Insurgencies and counter-insurgencies, if not won outright by one side or the other, are usually resolved through a process of negotiation in which both sides apply force, messaging and other resources in order to shift the position of the other. Eventually, both sides reach a compromise position – how far in one direction or the other depends on how successfully one side or other applies its available resources. This was under way between the US, the Afghan government and the Taliban in Qatar and the result would probably have been some sort of compromise. But by removing the actuality, or even the threat, of force while this process was under way has simply handed victory to the Taliban.

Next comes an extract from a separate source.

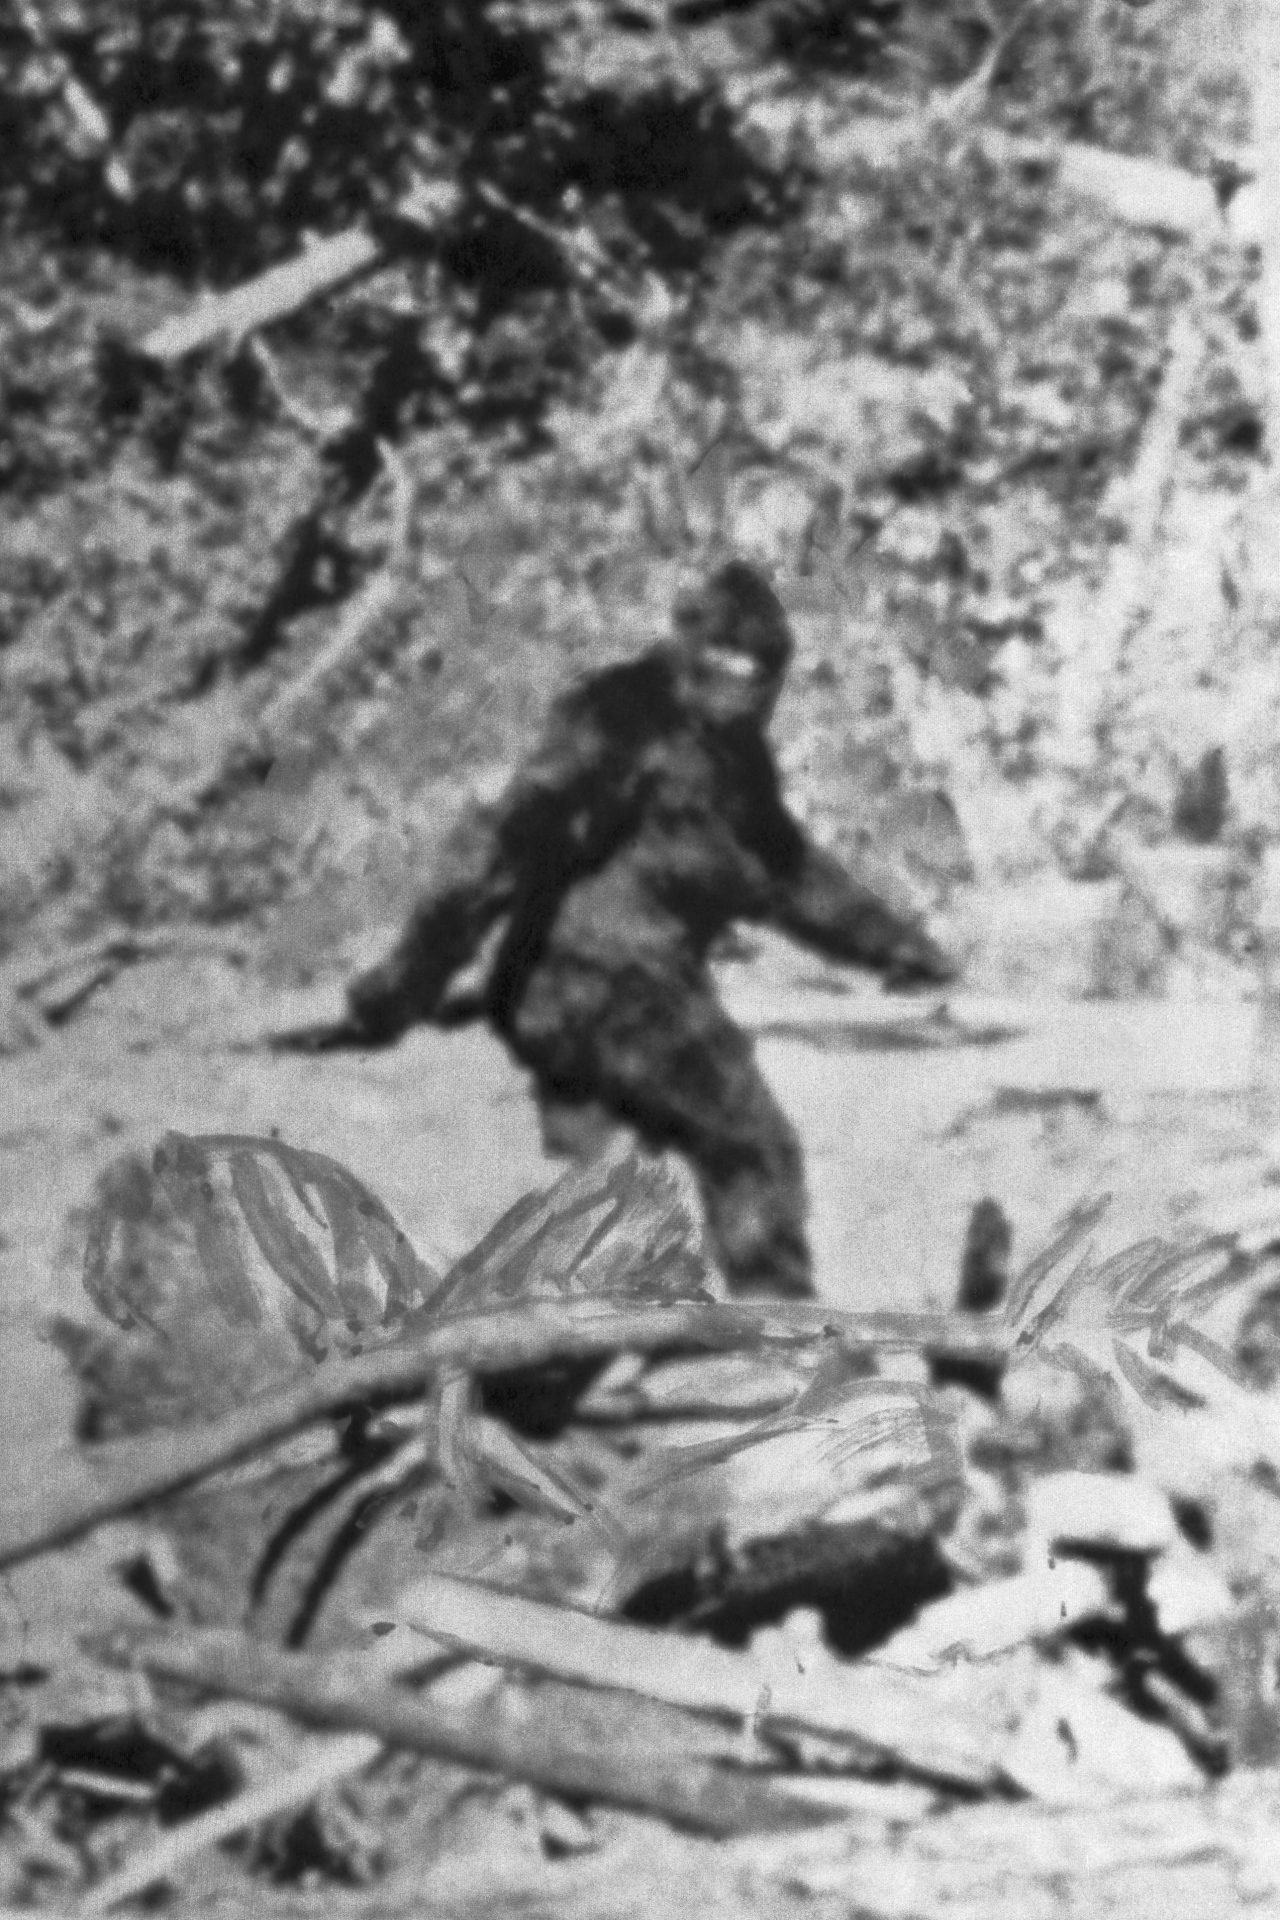 <p>In the 20th century there was still wild and unknown nature within the United States where, according to legend, Bigfoot took refuge. In Eureka, California, this image was captured, alleged graphic proof of the supposed existence of that mythical being.</p>

It is now too late to do anything about Afghanistan – sadly, the will is not there in London or Washington – but at least the latter has the means to act if it chose. The last three British governments have so far emasculated defence that we are not capable of intervening anywhere, even if it were necessary and right. One can hear the laughter from Beijing, Tehran, Moscow, Damascus and Pyongyang. Our enemies know that they can do as they wish. There should be no laughter from Islamabad and if there is, it will soon be drowned out by the noise of chickens coming home to roost. In most of Afghanistan it will be the sound of gunfire that drowns out all else, as the Taliban shoot those who do not conform, sell women into slavery and return the country to its darkest days. Will they give safe haven again to the likes of Al-Quaeda? Probably – but they will take their time and take care until they are sure that the lack of spine in Washington will not once again bring down on their heads the storm that broke after 9/11.